• [Exercise instructions]: Nothing but the lines from the one showing "Geox, Komfort-sandalen, Blau" through the final line of the data below belongs in the answer, duplicated exactly and without pictures.

• [Supplied information]:
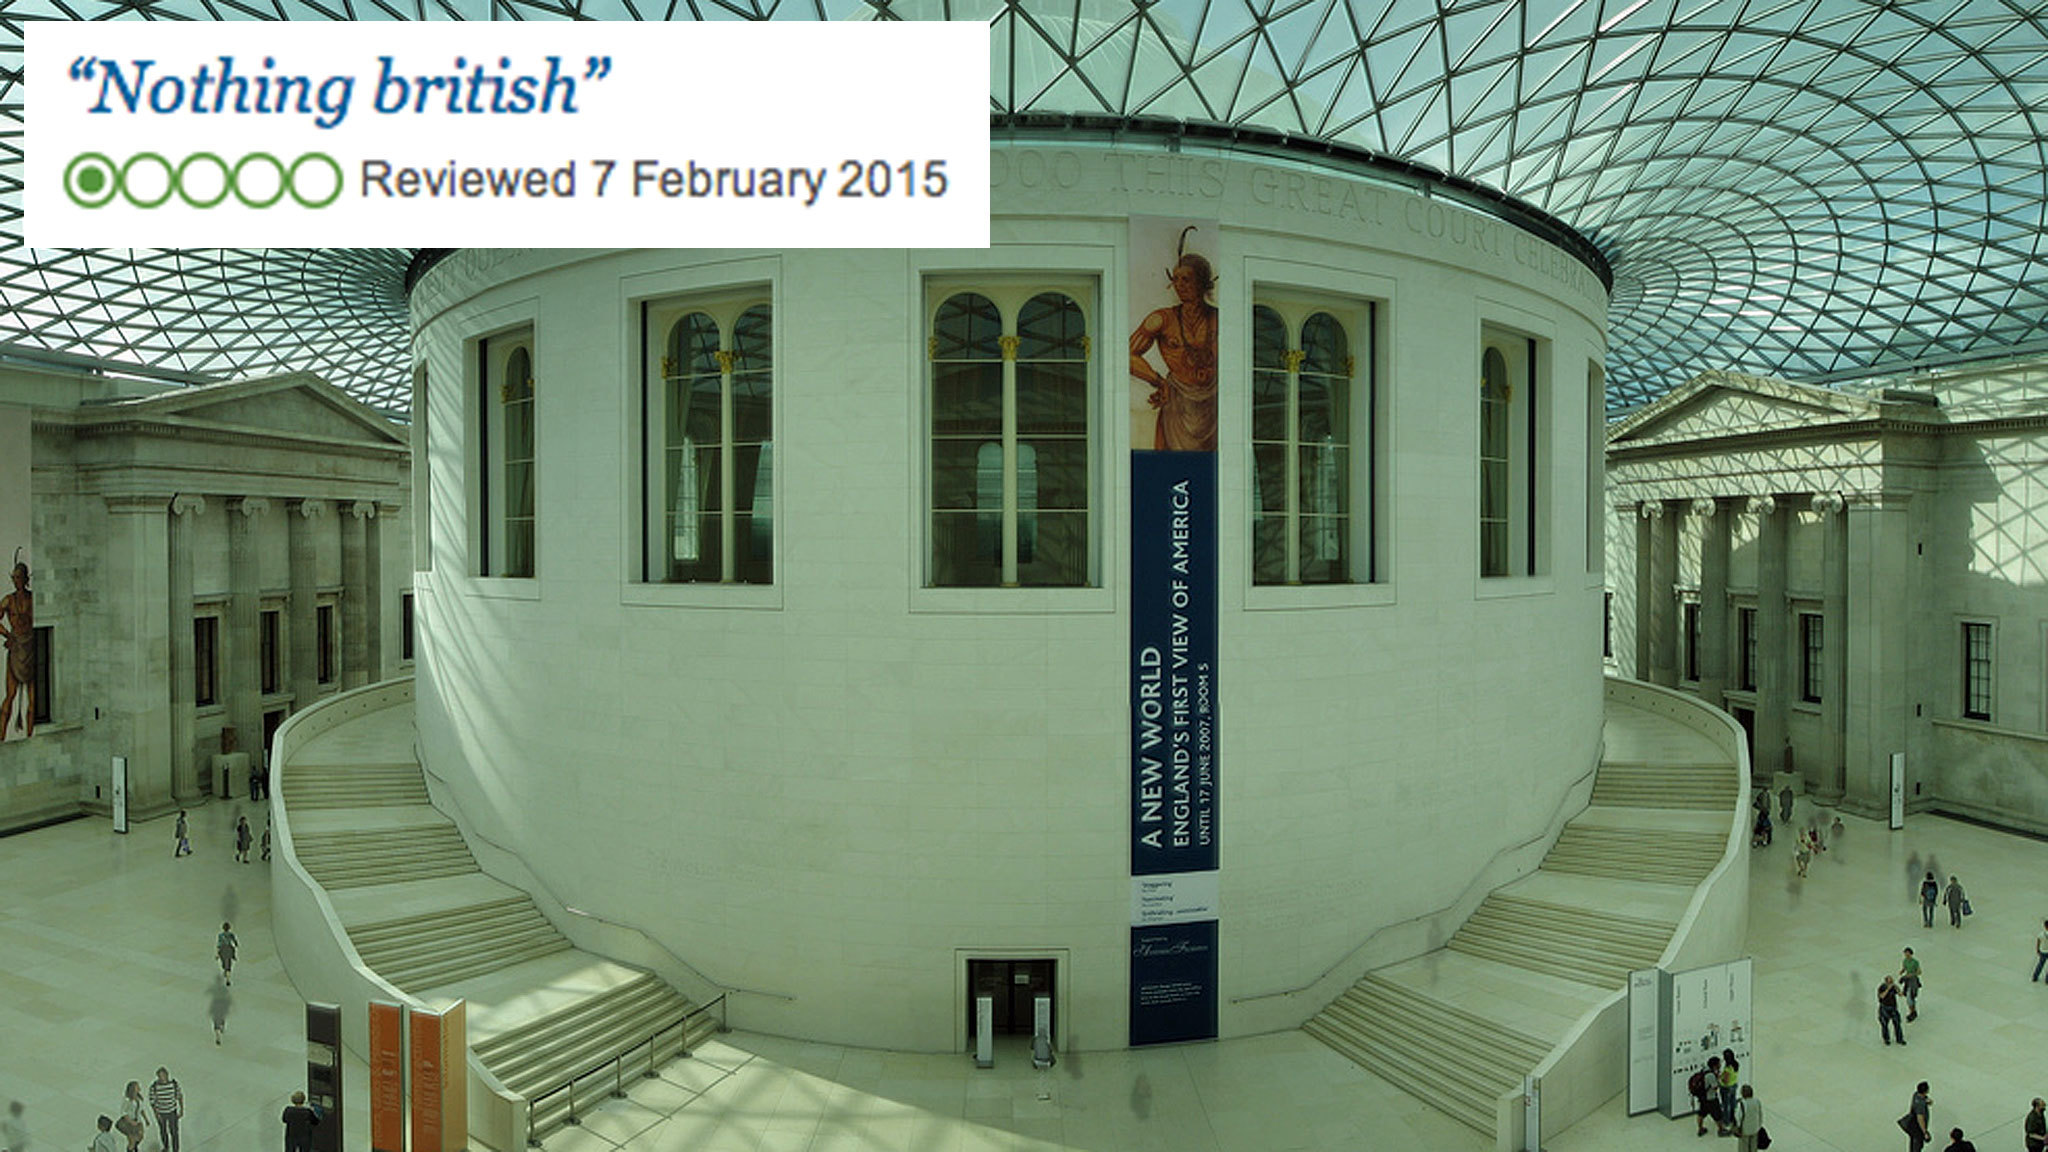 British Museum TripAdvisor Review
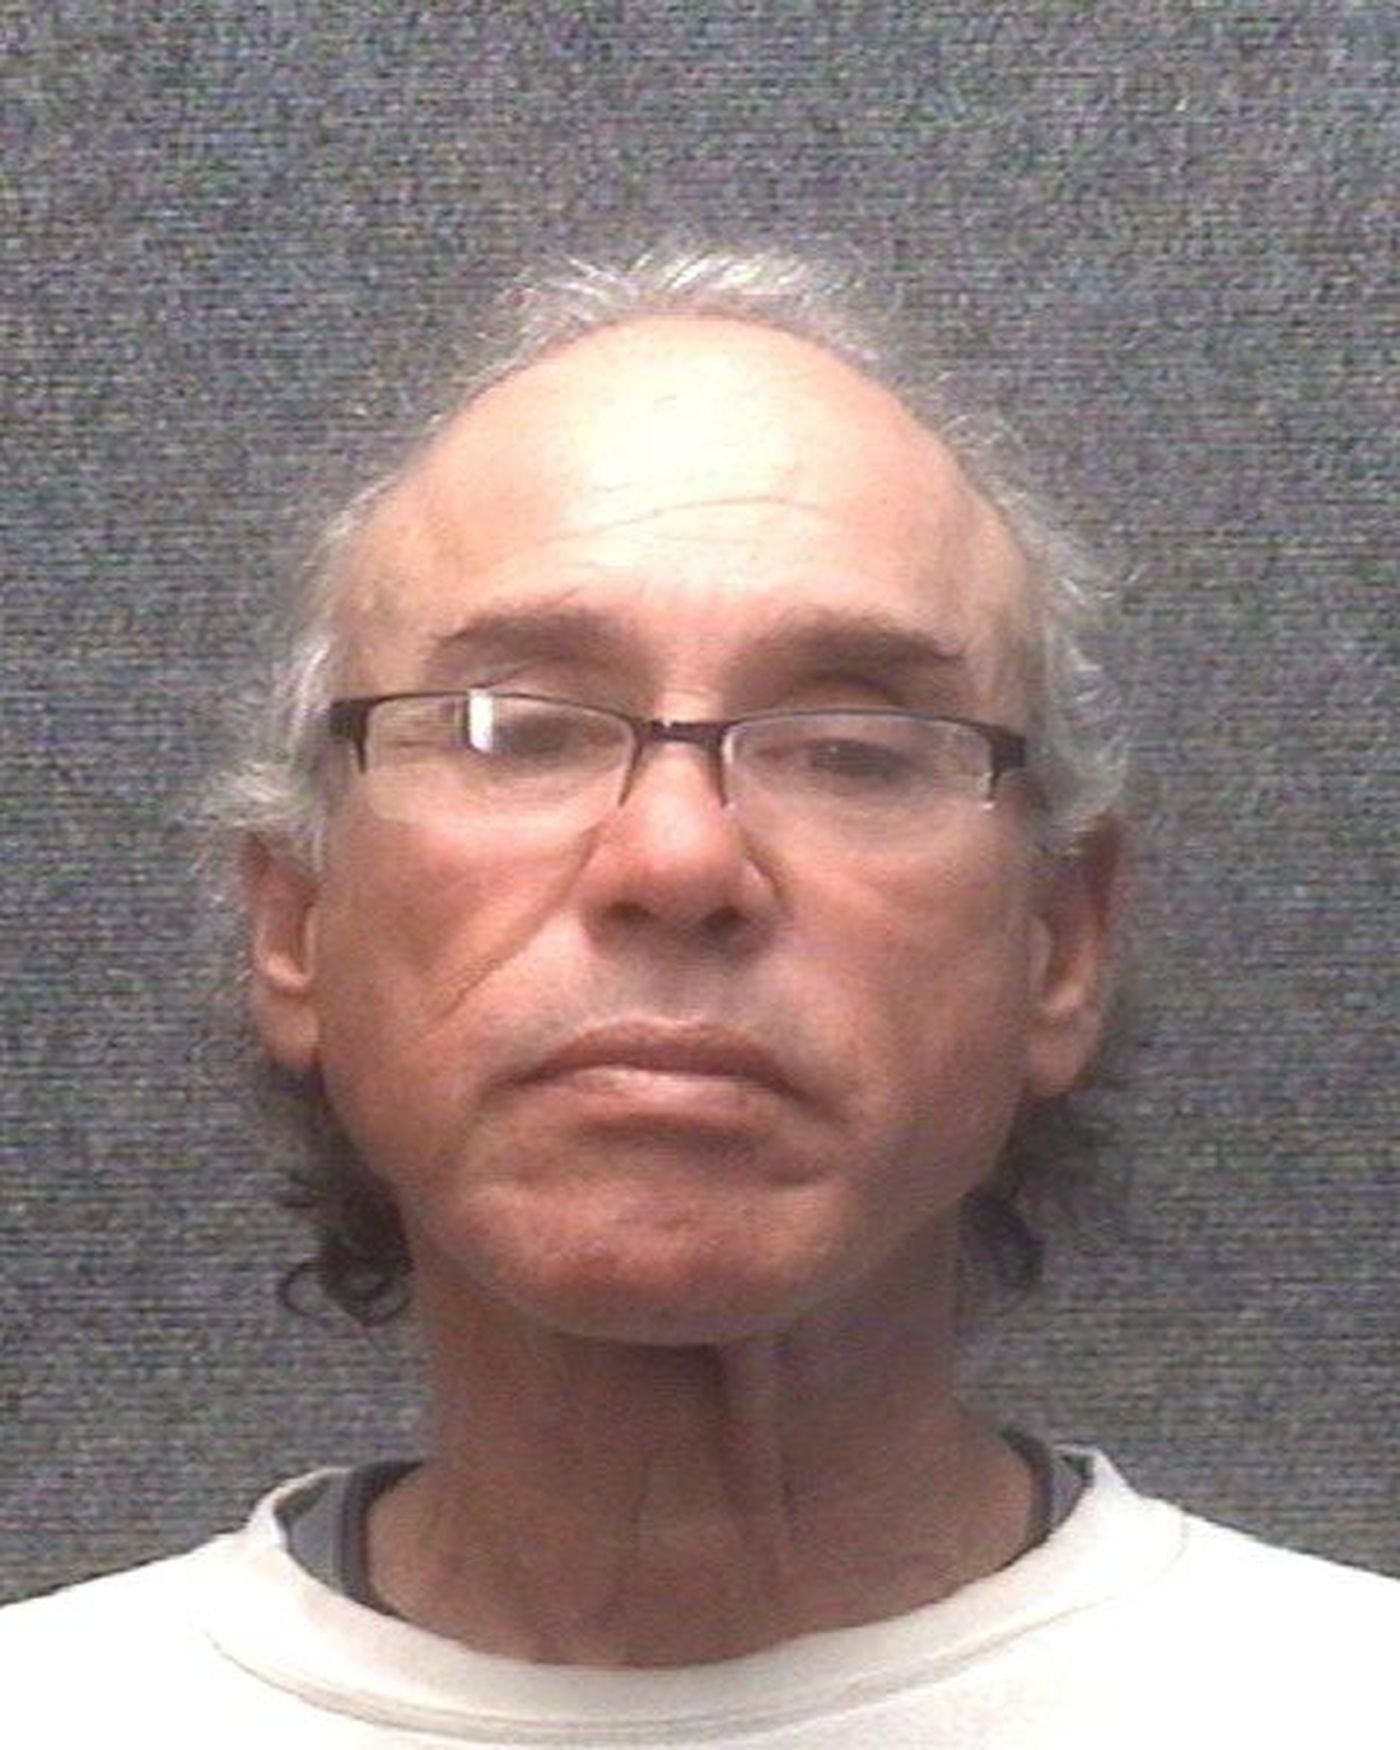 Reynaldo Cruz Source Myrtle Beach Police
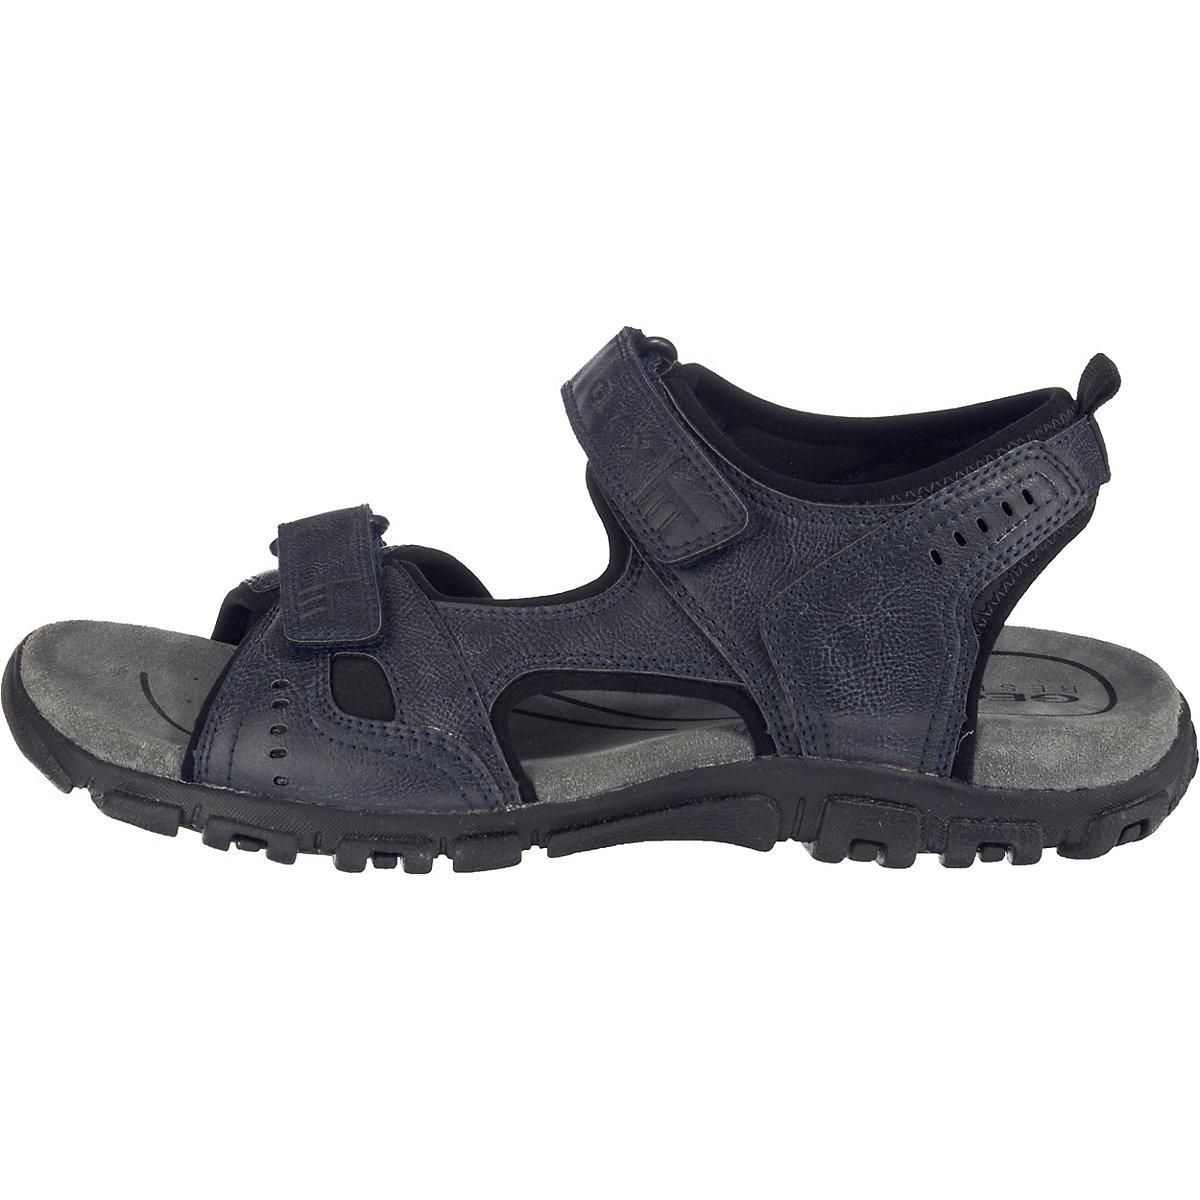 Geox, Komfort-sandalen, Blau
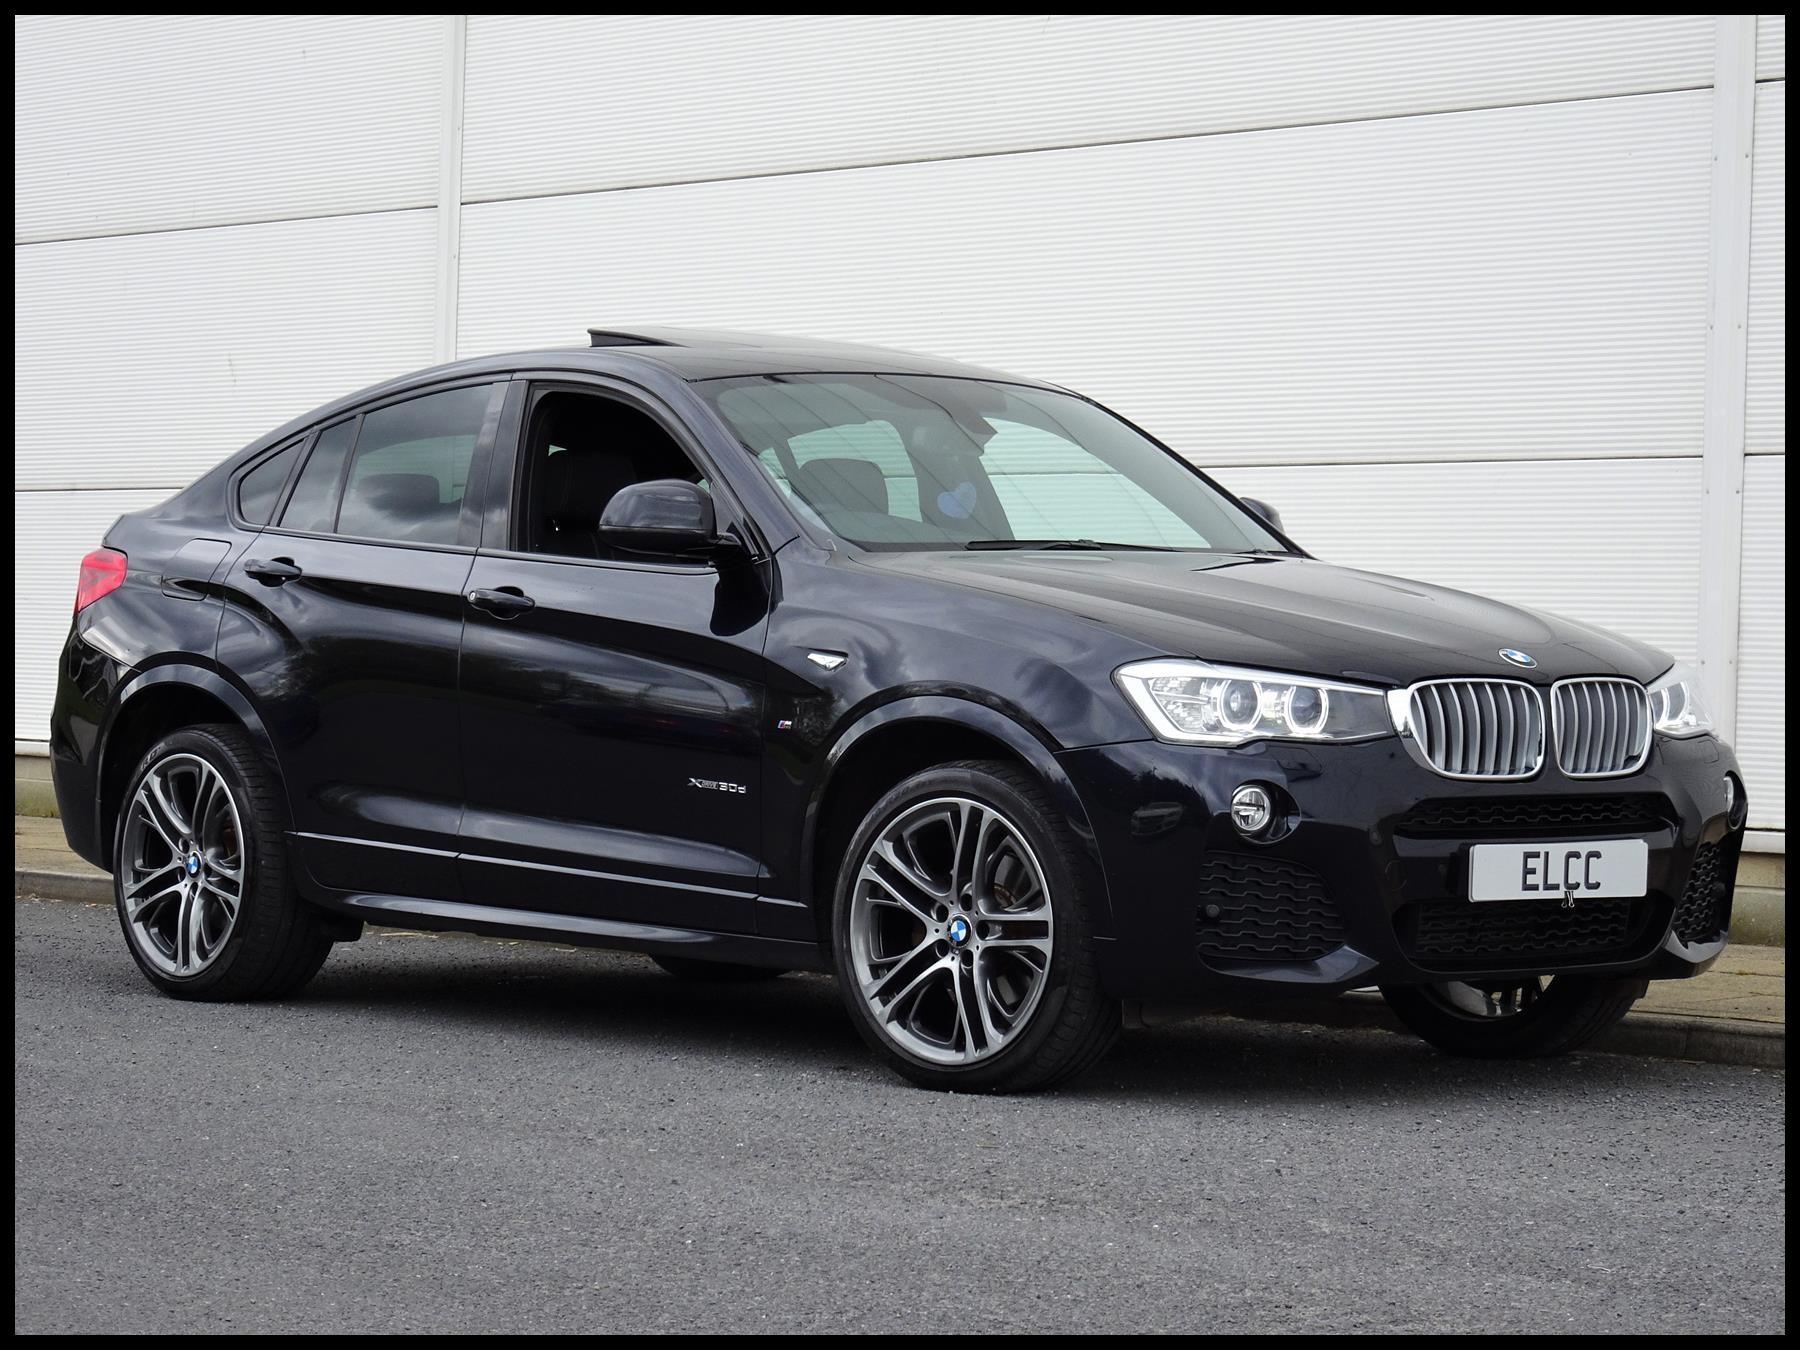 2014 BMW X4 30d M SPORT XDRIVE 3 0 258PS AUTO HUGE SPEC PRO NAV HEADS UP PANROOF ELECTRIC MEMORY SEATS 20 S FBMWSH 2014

• [Response area]:
 Geox, Komfort-sandalen, Blau
 2014 BMW X4 30d M SPORT XDRIVE 3 0 258PS AUTO HUGE SPEC PRO NAV HEADS UP PANROOF ELECTRIC MEMORY SEATS 20 S FBMWSH 2014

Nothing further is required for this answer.